Flux-based hierarchical organization of Escherichia coli's metabolic network

Author summary Metabolism results from the activity of thousands of biochemical reactions, which create, transform and recycle all chemicals, i.e., metabolites, required by life. Metabolic reactions depend on enzymes-proteins acting as biological catalyzers-to proceed, which effectively links metabolism to other layers in the organization of cellular physiology, such as transcription and translation. These reactions do not operate in isolation but interact in a metabolic network due to the metabolites they share. The joint action of the reactions imposes constraints on the reaction fluxes denoting rates of conversion between metabolites. Here, we identify one such constraint imposed by the metabolic network of E. coli, which we call the flux order relation. Specifically, we identify pairs of reactions in which one reaction always carries a higher flux than the other at steady state. Hence, the flux order relation creates a hierarchical organization of metabolism. We show that the flux order relation is reflected in experimental data sets of fluxes, gene expression, protein levels, and enzyme catalytic constants.

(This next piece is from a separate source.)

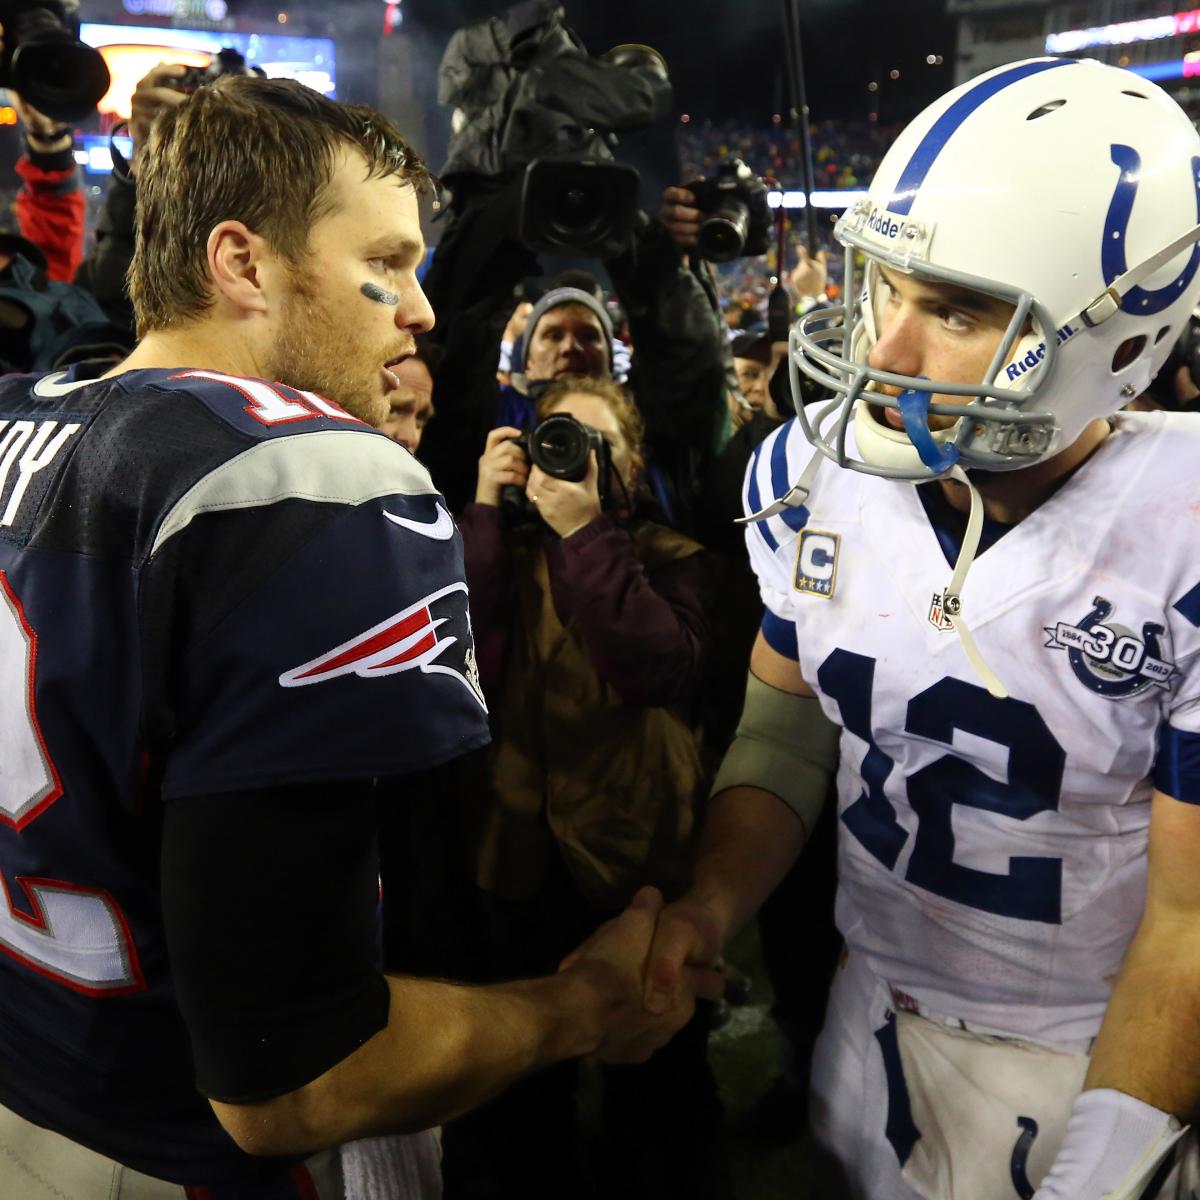 Colts vs. Patriots Complete AFC Championship Preview for New England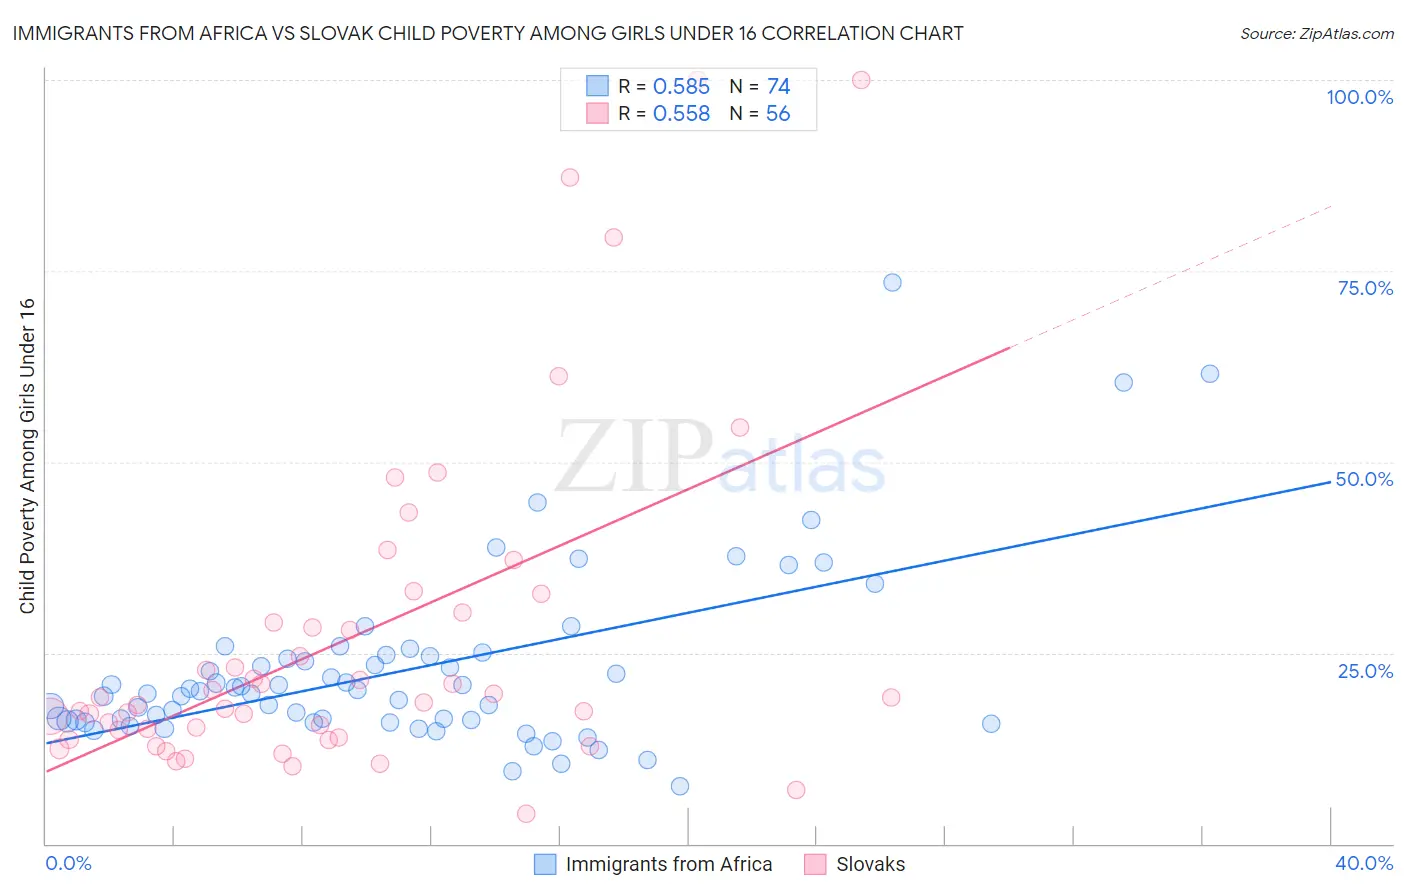 Immigrants from Africa vs Slovak Child Poverty Among Girls Under 16

Our results point at resource partitioning and a fine-tuning of enzyme levels in E. coli to respect the flux order relation. Biological networks across scales exhibit hierarchical organization that may constrain network function. Yet, understanding how these hierarchies arise due to the operational constraint of the networks and whether they impose limits to molecular phenotypes remains elusive. Here we show that metabolic networks include a hierarchy of reactions based on a natural flux ordering that holds for every steady state. We find that the hierarchy of reactions is reflected in experimental measurements of transcript, protein and flux levels of Escherichia coli under various growth conditions as well as in the catalytic rate constants of the corresponding enzymes. Our findings point at resource partitioning and a fine-tuning of enzyme levels in E. coli to respect the constraints imposed by the network structure at steady state. Since reactions in upper layers of the hierarchy impose an upper bound on the flux of the reactions downstream, the hierarchical organization of metabolism due to the flux ordering has direct applications in metabolic engineering.